Quando Iddio affida un fanciullo a sposi cristiani, sembra quasi ripeter loro ciò che la figlia di Faraone disse alla madre del piccolo Mosé : « Prendi questo bambino e allevamelo» (Es., II, 9). I genitori nell'intenzione divina sono i primi educatori dei loro figli. Conviene tuttavia riconoscere che nelle attuali condizioni della vita sociale l'urgente preoccupazione del pane quotidiano rende loro talvolta difficile il pieno compimento di un così essenziale dovere.

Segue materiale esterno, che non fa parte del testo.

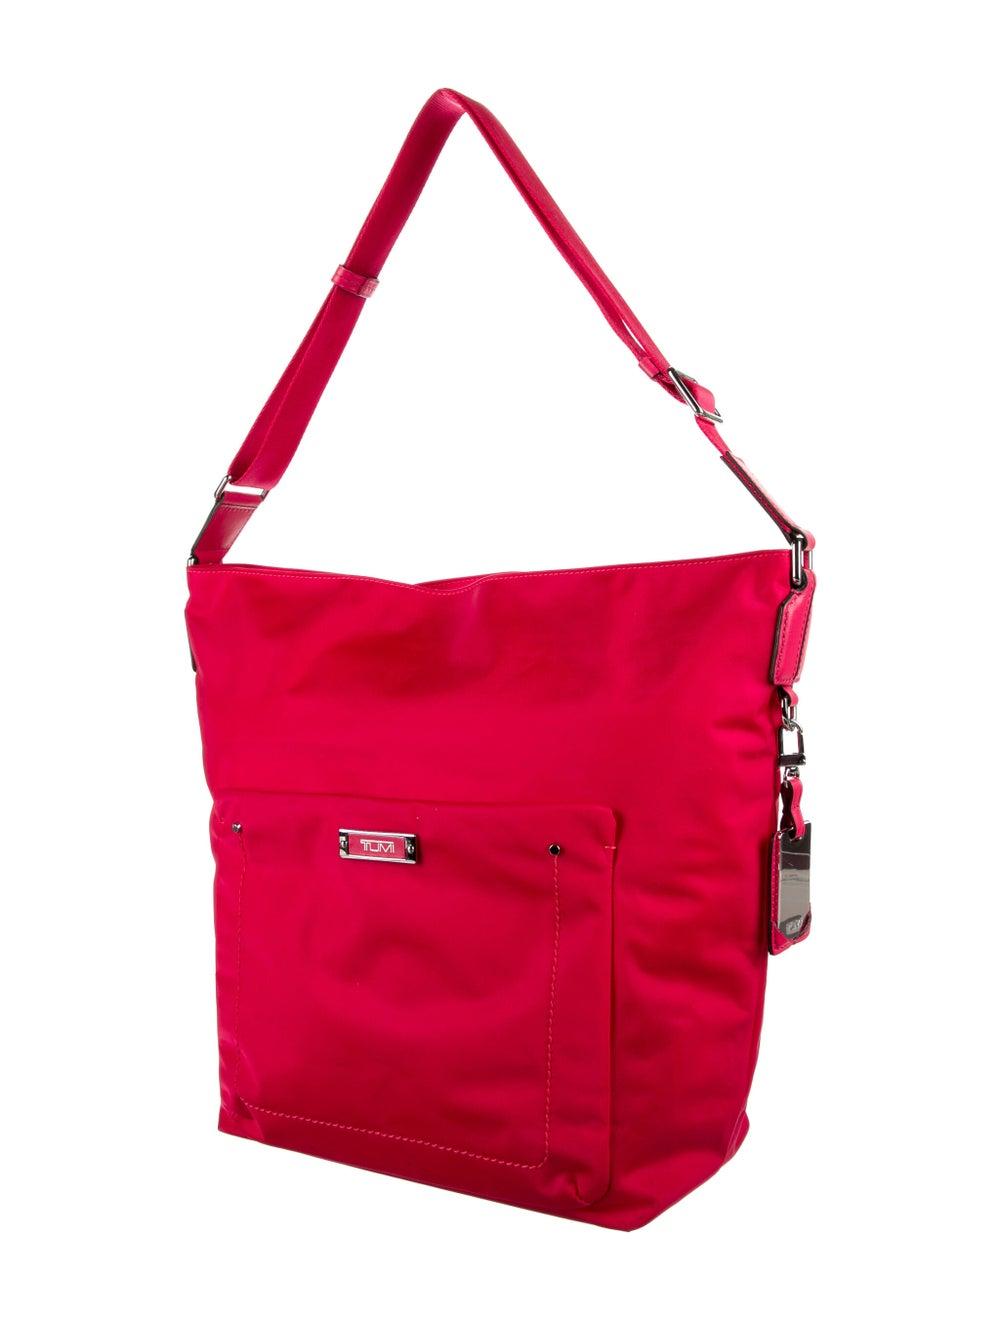 Tumi Nylon Shoulder Bag Pink - image 3

Tale era pure la situazione quando Giovanni Bosco sognava già di aiutare e al bisogno di sostituire i genitori in questo loro grave officio. Che egli fosse provvidenzialmente destinato a siffatta missione, il suo cuore glielo diceva con un'attrattiva precoce; la sua anima ne ebbe come una rivelazione in un sogno dei suoi primi anni, nel quale vide animali selvaggi mutati subitamente in agnelli mansueti, che egli conduceva docili al pascolo. Per conoscere come egli traducesse in atto questo sogno occorre ricordare l'educazione che ricevette e quella che diede; l'una è in lui congiunta con l'altra; la madre che egli ebbe spiega in gran parte il padre che egli fu per gli altri.

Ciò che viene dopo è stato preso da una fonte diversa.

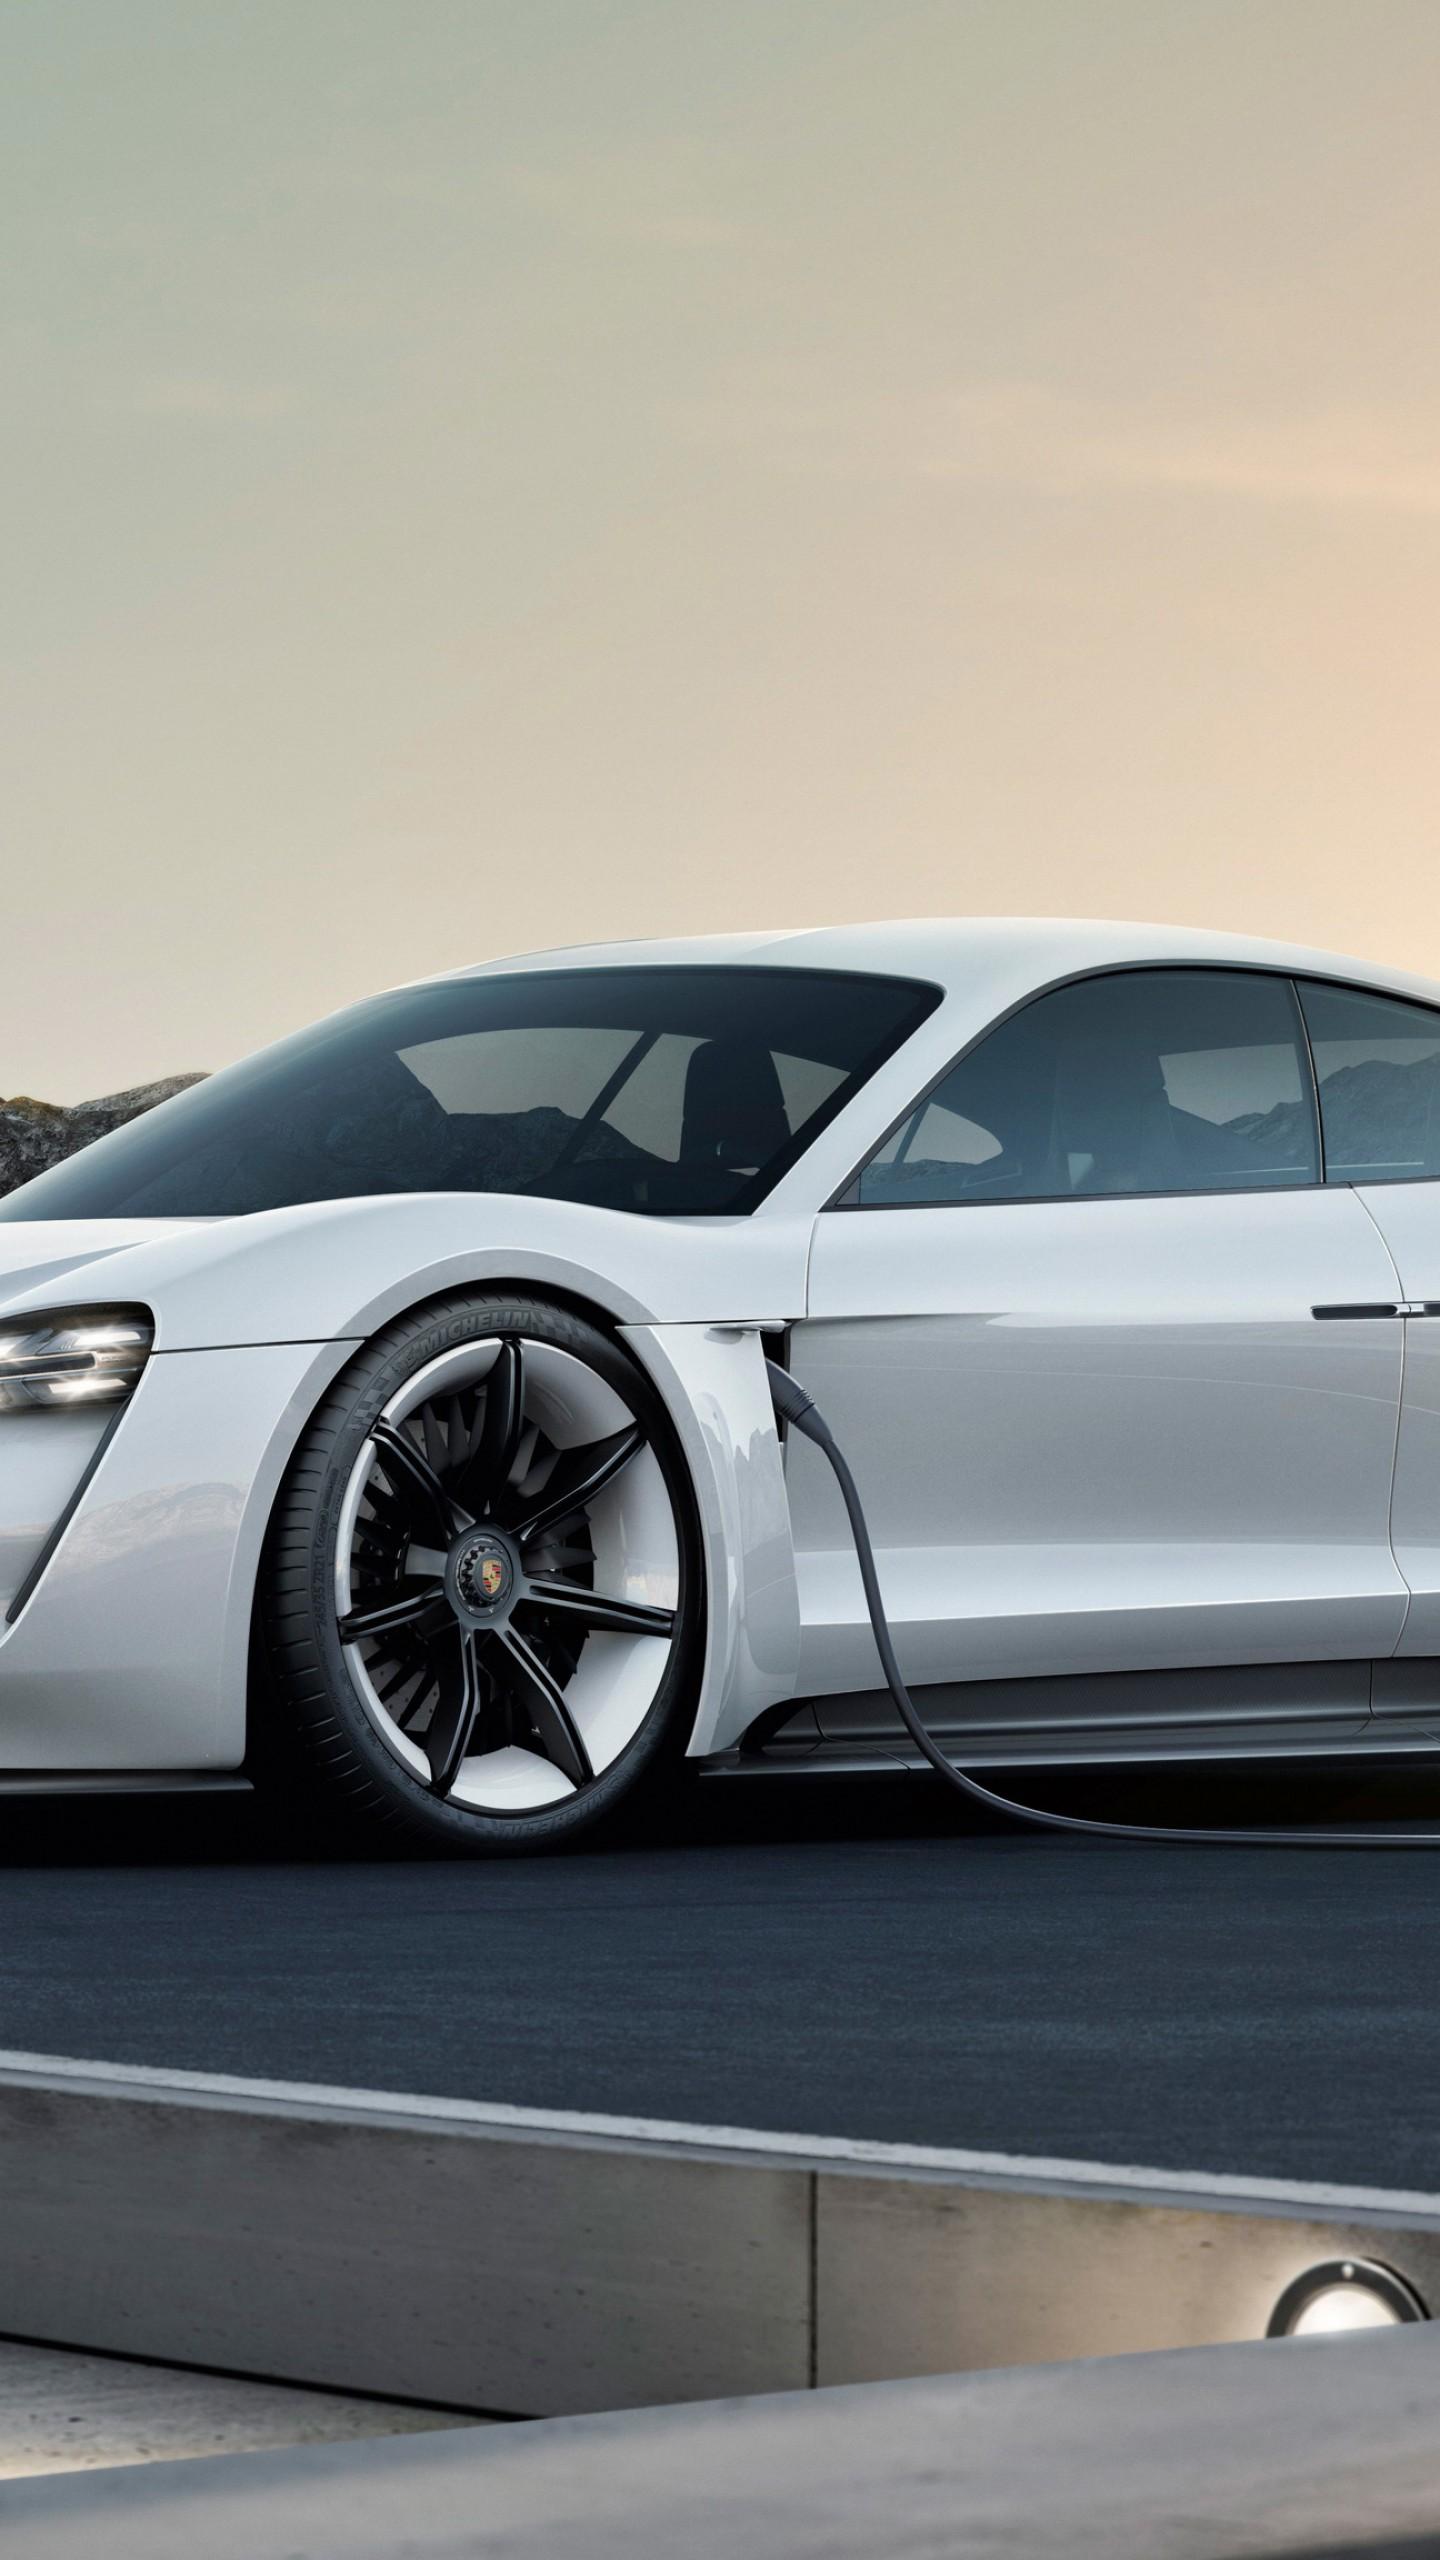 Wallpaper Porsche Taycan Electric Car supercar 2020 Cars 4K 1440x2560

Don Bosco, fondando la sua prima casa di educazione e di insegnamento, volle chiamarla «non laboratorio, ma oratorio », come egli stesso disse, perché intese di farne anzitutto un luogo di preghiera, « una piccola Chiesa ove radunare dei giovanetti ». Ma il suo ideale era pure che l'oratorio divenisse per i ragazzi, che vi avrebbe raccolti, quasi un focolare domestico. Non era forse perché «mamma Margherita» aveva fatto per lui della casetta dei Becchi una specie di oratorio? Immaginatevi colà la giovane vedova con í tre fanciulli inginocchiati per l'orazione della mattina e della sera; vedeteli simili a piccoli angeli, nei loro abiti festivi che ella ha con ogni cura cavati dall'armadio, recarsi nella borgata di Murialdo per assistere alla Santa Messa. Nel pomeriggio, dopo la refezione frugale in cui la sola pasta dolce era un pezzo di pane benedetto, eccoli riuniti intorno a lei. Ella ricorda loro i comandamenti di Dio e della Chiesa; le grandi lezioni del catechismo, i mezzi di salute; poi racconta, con la delicata poesia delle anime pure e delle immaginazioni popolari, la tragica storia del dolce Abele e del cattivo Caino, l'idillio di Isacco e di Rebecca, il mistero ineffabile di Betlemme, la dolorosa morte del buon Gesù messo in Croce sul Calvario; chi può misurare l'influenza profonda dei primi insegnamenti materni? Ad essi Don Bosco, divenuto sacerdote, attribuiva la sua tenera e fiduciosa devozione verso Maria Santissima e l'Ostia divina, che un altro sogno gli mostrò più tardi come le due colonne alle quali le anime dei suoi alunni sbattuti come fragili navi nel mare tempestoso del mondo dovevano fortemente ancorarsi per trovare la salvezza e la pace.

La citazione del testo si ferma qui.